White River — Ma Xue
As we enter the last release wave of true Covid films — those titles both produced during and concerned with the real-world crisis — first-time director Ma Xue introduces a new sort of pandemic film in her debut White River.

As we enter the last release wave of true Covid films — those titles both produced during and concerned with the real-world crisis — first-time director Ma Xue introduces a new sort of pandemic film in her debut White River‘s meandering sexual release valve. Situated on the other side of the White River from Beijing, Yanjiao is known as the “sleeping city” after the people who work in Beijing but sleep in Yanjiao. Made in South Korea by a Chinese national, Ma’s Mandarin-language film recalls both the sexually explicit romantic films that have of late become increasingly impossible to make within China and, perhaps unironically, the Sixth Generation of Chinese filmmakers who obviously inform Ma Xue’s sense of urban dissatisfaction, wandering lost characters, and the extraordinary focus on uber-ordinary individuals. White River is an unrestrained and unfiltered penetration into the depressive social isolation and unambiguously apathetic spirit that pervaded the worst of the Covid years, a time prolonged in the country it originated in thanks to the “Zero-COVID” policy.

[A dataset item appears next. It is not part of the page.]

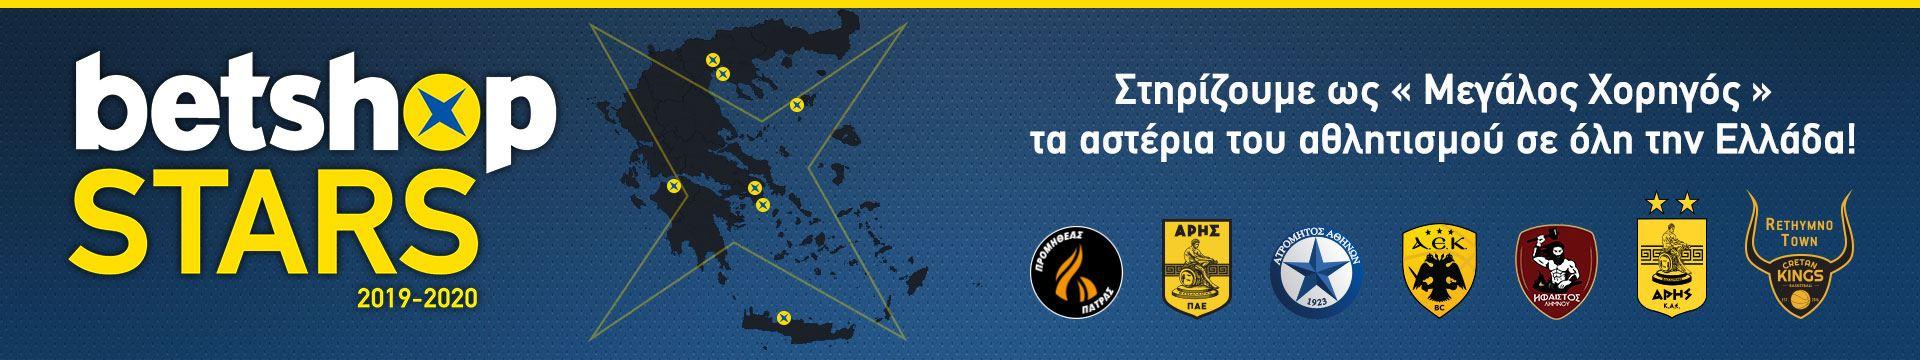 Στηρίζουμε ως «Μεγάλος Χορηγός» τα αστέρια του αθλητισμού σε όλη την Ελλάδα!

Filled from start to finish with a plethora of explicit and borderline intense sex scenes, White River is neither a romance nor a drama. In fact, the only sub-genre to ascribe to White River that even makes any amount of sense is the pandemic film, where lockdowns, quarantines, testing, and social bubbles fill the frame as just another part of life. But the sub-genre simply puts non-indiscrete clothes on the near-pornographic assay of sexuality. Instead, Ma’s feature piques interest as an episode of sexual maundering in the life of Yang Fan (Yuan Tian), a married woman who allows the pandemic to disrupt her life heretofore built on routine.